Mercedes is on track to earn better than a 7% return on sales, Zetsche’s goal. It recently rolled out a new version of its small C-class sedan, and says it has booked 80,000 orders. The next milestone for Mercedes will be a redesign of its lynchpin E-class sedan in 2009.
Zetsche emphasized that Daimler and Chrysler would continue to have a link beyond merely a 19.9% financial stake. “We have this moral and ethical link, and I personally do,” he said. Maintaining a stake in Chrysler was important in persuading the president of the United Automobile Workers, Ron Gettelfinger, to support the sale to Cerberus, according to Zetsche.
On Saturday, the two men met for three-and-a-half hours, joined by Thomas W. LaSorda, Chrysler’s chief executive.
At the meeting in Auburn Hills, Zetsche said Chrysler’s managers seemed receptive, despite their questions. “It was really an atmosphere of a fresh start, of great opportunities going forward,” he said. “On a personal basis, we had a lot of hugs and strong emotions.”
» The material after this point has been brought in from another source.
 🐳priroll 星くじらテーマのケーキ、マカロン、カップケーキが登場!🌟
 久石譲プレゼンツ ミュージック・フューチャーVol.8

Stephen A. Feinberg, the low-profile financier who runs Cerberus, was at the meeting to explain his firm’s philosophy. “It was of extreme importance that Steve Feinberg did not remain a mystery man, but was a face to look at and a person to ask questions to,” Zetsche said, adding that he “created a lot of confidence.”
While Daimler will now be known mainly for Mercedes, it still plans to roll out its Smart mini-car in the US in February. Smart recently set up a website that allows people to make a $99 down payment to reserve one. Within six weeks, 12,000 people had done so.
Zetsche said Daimler’s nine years with a US partner had made its in-grown culture more open. “People hired from the outside were killed in a hurry,” he said of the pre-merger company. “That has changed a lot.”
It also moulded Zetsche’s management style. “The five years I spent in Auburn Hills were professionally and personally the most important and the most satisfying years I spent anywhere,” he said.
Chrysler even made him something of a cult figure. After appearing in television commercials, Zetsche said he was stopped by strangers on the street. Six months ago, he recalled, he was waved through an airport line in New York by an officer who greeted him as Dr Z.
Daimler will soon decide whether to maintain English as the official language of the company—a step it took after acquiring Chrysler.
Zetsche said he strongly favours keeping English, but concedes that for reasons of efficiency, it may make sense to go back to German.
One thing that seems destined to end along with Daimler’s Motown adventure: Zetsche’s career as a TV pitchman. “I’m much happier with this day job than with my night job,” he said.